Residential sales and rental prices fell in most neighbourhoods across Abu Dhabi in the first six months of 2018, albeit at a slower pace witnessed in previous months as market sentiment improves on the back of rising oil prices, according to a new report published on Thursday.
Average apartment rental prices were “modest” for the most part, with year-on-year decreases ranging from around 3 to 9 per cent in different locations during the first half of the year, according to real estate portal Bayut.com’s latest market update. Apartment sales prices fell 2 to 7 per cent from the levels recorded a year-earlier. The drop in villa rental values in the emirate was more pronounced – between 5 to 13 per cent, while villa sales prices slid 3 to 7 per cent, the report said.
“Overall, there was a downward trend in property prices in Abu Dhabi, however, the drops haven’t been drastic for most of the areas,” Haider Khan, managing director of Bayut.com, told The National.
“This could potentially signal a bottoming out. Also, given where the market is positioned right now, these prices should be very attractive to long-term investors.”
UAE property markets have slowed in recent years in the wake of a three-year oil slump. Rental and sales prices in both emirates declined steadily, pressured by new supply coming to the market, muted demand and reductions in housing allowances.
The steepest annual rental market declines in Abu Dhabi during the first half of 2018 were recorded in the five-bed villas in Khalifa City B, at 16 per cent, according to Bayut’s report. Al Khalidiyah saw the steepest apartment rental fall, at around 10 per cent.
The largest sales decrease was 10 per cent for studio apartments in Al Reef, while villa sales price were more stable than other sectors, with the largest declines of around 7.3 per cent seen for five-bed properties in Saadiyat Island. Outside Saadiyat – a prime residential area that has suffered sharp price declines since 2014 – the steepest drop was 5 per cent for villas in Hydra Village, according to the report.
The most popular areas for apartment rentals were Mohammed bin Zayed City, where the price for a one-bed apartment was Dh45,000. For sales, it was Al Reem Island, where average studio price came in at Dh626,000.
For villa sales, Al Reef was the preferred location, with the average price for a four-bed villa reaching Dh2.15 million. For rentals, Khalifa City A was the most popular area, where the average price for a four-bed villa fell by 5.7 per cent to Dh165,000.

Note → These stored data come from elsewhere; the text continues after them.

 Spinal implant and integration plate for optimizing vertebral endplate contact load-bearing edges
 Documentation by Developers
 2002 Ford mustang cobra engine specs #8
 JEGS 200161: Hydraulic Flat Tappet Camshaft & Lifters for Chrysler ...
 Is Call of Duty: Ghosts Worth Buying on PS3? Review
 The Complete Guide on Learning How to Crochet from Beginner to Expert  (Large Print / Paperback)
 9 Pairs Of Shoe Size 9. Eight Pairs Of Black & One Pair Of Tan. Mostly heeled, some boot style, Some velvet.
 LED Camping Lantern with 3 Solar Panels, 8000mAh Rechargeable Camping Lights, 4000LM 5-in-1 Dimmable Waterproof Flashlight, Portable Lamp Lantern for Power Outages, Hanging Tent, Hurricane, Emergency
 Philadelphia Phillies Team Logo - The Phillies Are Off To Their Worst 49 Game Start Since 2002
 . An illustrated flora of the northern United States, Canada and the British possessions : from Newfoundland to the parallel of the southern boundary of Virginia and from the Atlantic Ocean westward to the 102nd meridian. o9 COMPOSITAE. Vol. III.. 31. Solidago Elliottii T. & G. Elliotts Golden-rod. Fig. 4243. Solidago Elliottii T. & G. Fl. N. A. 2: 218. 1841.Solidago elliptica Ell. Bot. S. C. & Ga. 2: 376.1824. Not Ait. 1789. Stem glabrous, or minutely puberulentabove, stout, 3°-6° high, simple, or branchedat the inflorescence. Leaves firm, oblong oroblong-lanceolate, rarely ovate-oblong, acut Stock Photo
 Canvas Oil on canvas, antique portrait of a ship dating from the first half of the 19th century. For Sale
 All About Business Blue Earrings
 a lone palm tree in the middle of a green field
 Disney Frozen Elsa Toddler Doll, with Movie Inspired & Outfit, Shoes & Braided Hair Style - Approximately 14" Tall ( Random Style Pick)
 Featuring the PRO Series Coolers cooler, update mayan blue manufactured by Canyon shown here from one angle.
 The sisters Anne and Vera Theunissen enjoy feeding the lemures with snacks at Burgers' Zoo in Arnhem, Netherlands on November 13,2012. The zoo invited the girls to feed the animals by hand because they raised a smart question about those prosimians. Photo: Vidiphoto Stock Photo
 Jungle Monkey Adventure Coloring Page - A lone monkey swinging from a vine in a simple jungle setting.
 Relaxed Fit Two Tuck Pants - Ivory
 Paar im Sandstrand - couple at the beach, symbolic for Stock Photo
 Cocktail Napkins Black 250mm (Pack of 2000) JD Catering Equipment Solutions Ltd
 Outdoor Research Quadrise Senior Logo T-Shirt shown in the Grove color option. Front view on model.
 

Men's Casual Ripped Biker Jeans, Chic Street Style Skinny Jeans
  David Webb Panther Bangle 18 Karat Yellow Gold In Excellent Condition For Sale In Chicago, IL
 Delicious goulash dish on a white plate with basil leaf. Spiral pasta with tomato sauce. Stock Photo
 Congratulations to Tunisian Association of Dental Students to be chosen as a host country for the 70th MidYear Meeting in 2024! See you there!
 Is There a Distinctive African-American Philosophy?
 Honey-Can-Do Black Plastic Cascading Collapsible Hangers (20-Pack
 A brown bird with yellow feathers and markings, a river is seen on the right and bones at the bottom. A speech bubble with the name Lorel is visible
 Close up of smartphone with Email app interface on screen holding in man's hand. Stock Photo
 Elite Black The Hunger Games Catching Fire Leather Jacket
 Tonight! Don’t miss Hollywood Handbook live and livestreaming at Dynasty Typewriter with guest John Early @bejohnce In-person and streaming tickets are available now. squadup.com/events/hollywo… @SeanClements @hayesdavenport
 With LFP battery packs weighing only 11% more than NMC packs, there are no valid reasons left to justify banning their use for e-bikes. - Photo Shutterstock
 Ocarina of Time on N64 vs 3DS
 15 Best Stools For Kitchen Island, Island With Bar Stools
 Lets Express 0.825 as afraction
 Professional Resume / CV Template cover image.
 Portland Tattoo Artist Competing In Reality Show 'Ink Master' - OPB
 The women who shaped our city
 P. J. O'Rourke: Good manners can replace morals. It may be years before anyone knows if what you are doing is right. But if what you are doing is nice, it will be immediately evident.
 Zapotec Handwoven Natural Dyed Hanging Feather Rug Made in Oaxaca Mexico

Residential sales and rental prices are unlikely to rise in Abu Dhabi in the third quarter of this year, Mr Khan said. However, they are expected to stop falling and begin to stabilise in the latter half of 2018.
“We are seeing record traffic on our site in terms of searches conducted for sales and rentals – a good sign that interest is present, the managing director said. “The gap between interest and action is usually a function of how landlords and potential buyers and tenants see the market, and this gap is narrowing.”
Abu Dhabi has experienced growth in tourism, with hotel occupancy rising 4.7 per cent year-on-year to reach 87.9 per cent in April, on the back of a rise in bookings for conferences and exhibitions, according to EY’s hotel sector survey.
With other macroeconomic factors improving this year – including recovering global economic growth and oil prices rising to above $80 per barrel last month – the market is likely to see an upturn, Mr Khan said. “However, new inventory needs to be managed to avoid an oversupply situation.”